Briefly, samples and untreated HDFs as positive controls for growth were incubated for 3 h at 37 °C with the dye diluted in culture medium according to the manufacturer’s instructions. Then, 100 μL of supernatant taken from the sample or control was loaded in 96-well plates. The supernatants were analyzed using a spectrophotometer (Victor 3, PerkinElmer, Waltham, MA, USA) with a double wavelength reading at 570 nm and 600 nm. Finally, the reduced percentage of the dye (D_red%) was calculated by correlating absorbance values and the molar extinction coefficients of the dye at the selected wavelengths. Equation (6) was applied, as follows:

$$D_{red}\%=100\times {\displaystyle \frac{\left({\mathsf{\epsilon }}_{\mathrm{o}\mathrm{x}}\right){\mathsf{\lambda }}_2{\mathrm{A}\mathsf{\lambda }}_1-\left({\mathsf{\epsilon }}_{\mathrm{o}\mathrm{x}}\right){\mathsf{\lambda }}_1{\mathrm{A}\mathsf{\lambda }}_2 \mathrm{o}\mathrm{f} \mathrm{t}\mathrm{e}\mathrm{s}\mathrm{t} \mathrm{a}\mathrm{g}\mathrm{e}\mathrm{n}\mathrm{t} \mathrm{d}\mathrm{i}\mathrm{l}\mathrm{u}\mathrm{t}\mathrm{i}\mathrm{o}\mathrm{n}}{\left({\mathsf{\epsilon }}_{\mathrm{o}\mathrm{x}}\right){\mathsf{\lambda }}_2{\mathrm{A}°\mathsf{\lambda }}_1-\left({\mathsf{\epsilon }}_{\mathrm{o}\mathrm{x}}\right){\mathsf{\lambda }}_1{\mathrm{A}°\mathsf{\lambda }}_2 \mathrm{o}\mathrm{f} \mathrm{u}\mathrm{n}\mathrm{t}\mathrm{r}\mathrm{e}\mathrm{a}\mathrm{t}\mathrm{e}\mathrm{d} \mathrm{p}\mathrm{o}\mathrm{s}\mathrm{i}\mathrm{t}\mathrm{i}\mathrm{v}\mathrm{e} \mathrm{g}\mathrm{r}\mathrm{o}\mathrm{w}\mathrm{t}\mathrm{h} \mathrm{c}\mathrm{o}\mathrm{n}\mathrm{t}\mathrm{r}\mathrm{o}\mathrm{l}}}$$

(6)

where ε_ox is the molar extinction coefficient of dye oxidized form, λ₁ = 570 nm, λ₂ = 600 nm, A is the absorbance of test wells, and A° is the absorbance of cells growing in the positive control well.

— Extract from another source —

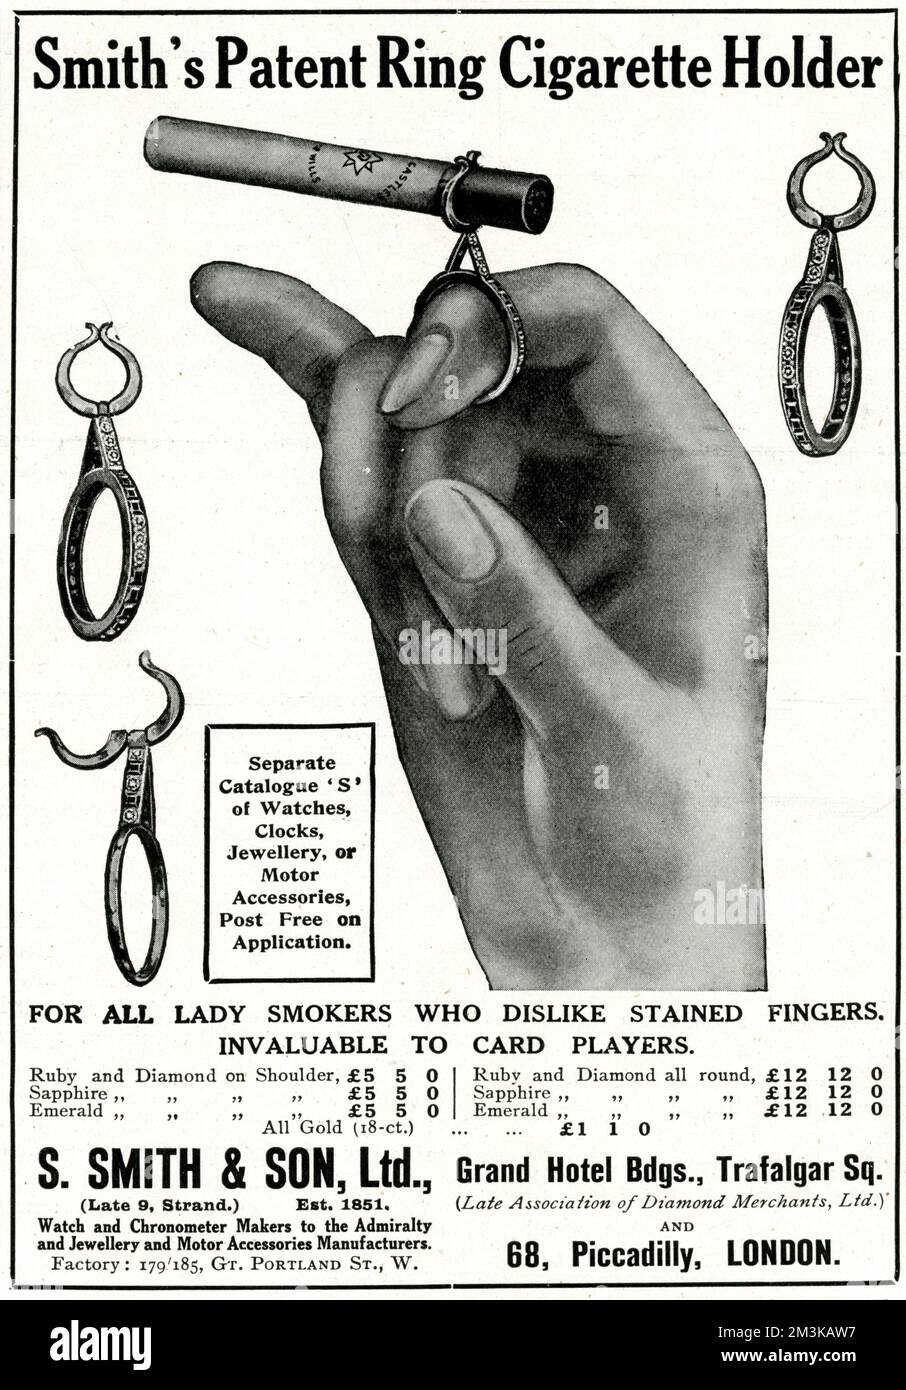 Porte-cigarette à bague vernie pour les dames, ceux qui n'aiment pas les doigts tachés. 1914 Banque D'Images

4.11. Statistical Analysis

Statistical analyses were carried out to assess the significance of the differences observed in the performed tests between HAp/SA/Coll_f and HAp/SA/Coll_b inks. An independent t-test analysis was performed with the Jamovi Software (v. 2.2.5), taking into account of the numerosity of the samples and setting a significance threshold (p) equal to 0.05. All data are presented as the means ± standard deviations.